Elevator Panel Retrofit Methods

Tips for removing and replacing plastic laminate elevator wall paneling. April 14, 2010

Question
We are doing casework on a job and the owner wants a price to redo some elevator panels. There are no visible fasteners and they are not hanging on z clips. I can’t imagine fastening these and then laminating them in place. Are there any other options for installing these panels with the laminate completed?

Forum Responses
(Cabinet and Millwork Installation Forum)
From contributor H:
Double check the hanging to make sure it is always tight with metal z clips. Check where the hand rails are fastened - it can be blind anchors behind the rails.



From contributor K:
Elevator panels are bolted from behind or bolted from the face and them laminated over at the factory. Anything you add to an elevator has to be flame proofed and the elevator has to be recalibrated to justify the weight difference. Check your local codes because in some states you have to be registered to work on elevators.


From contributor Q:
I have done this many times.
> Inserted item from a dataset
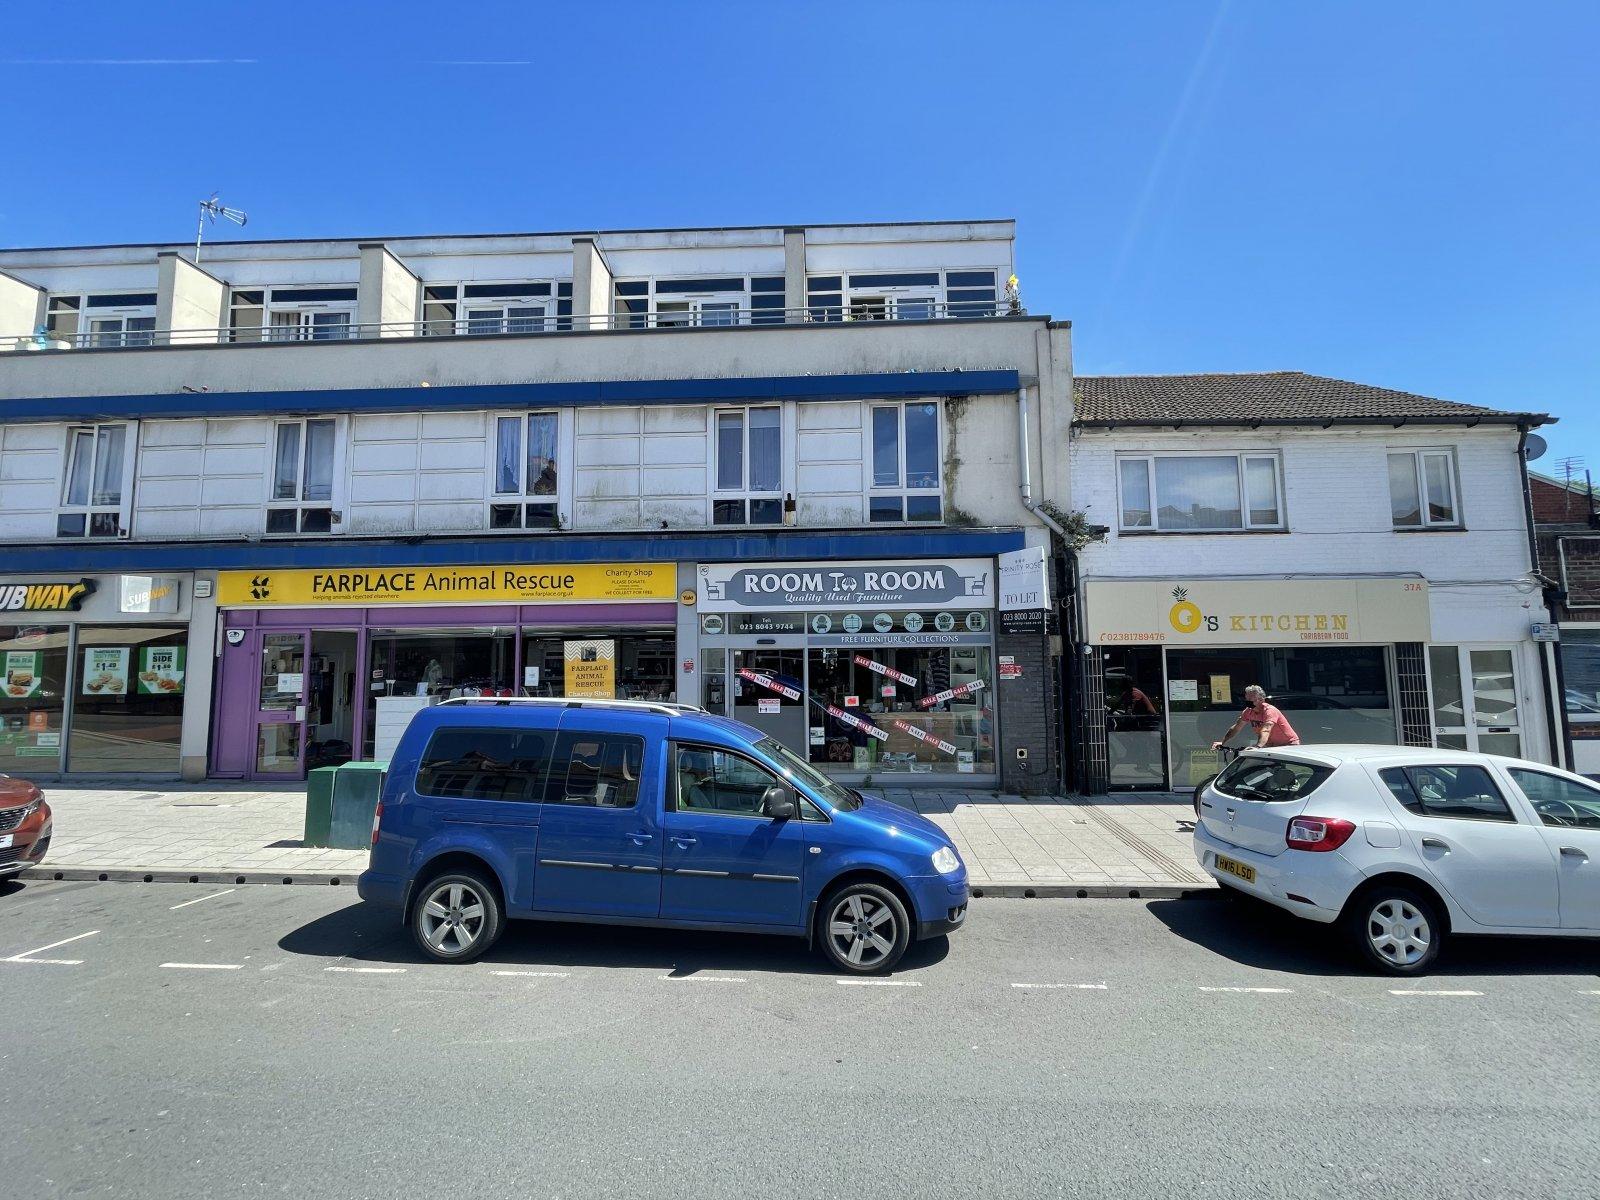 Victoria Road, Southampton

Sometimes the panels come off with hidden fasteners behind the bump rail and sometimes they are attached and then veneered in place. I have done both types. If you have one that seems to not lift off you will have to pry/break them off and build new ones.

You can install the new ones with z clips of you can just use propane type contact glue to place with dollops of liquid nails in places for long term security. Just make sure that you make a mechanical connection through the bump/grab rail with some fresh self tapper bolts through a sleeve ring and then the rail attached to it with a set screw. Make sure the bolts are not too long though you don't want the elevator guy to get cut by an end sticking out to far when he is behind the elevator for service (most of the time they are above or below anyhow but better to not create any snag points). I have many cabs out there with these methods and no problems to date.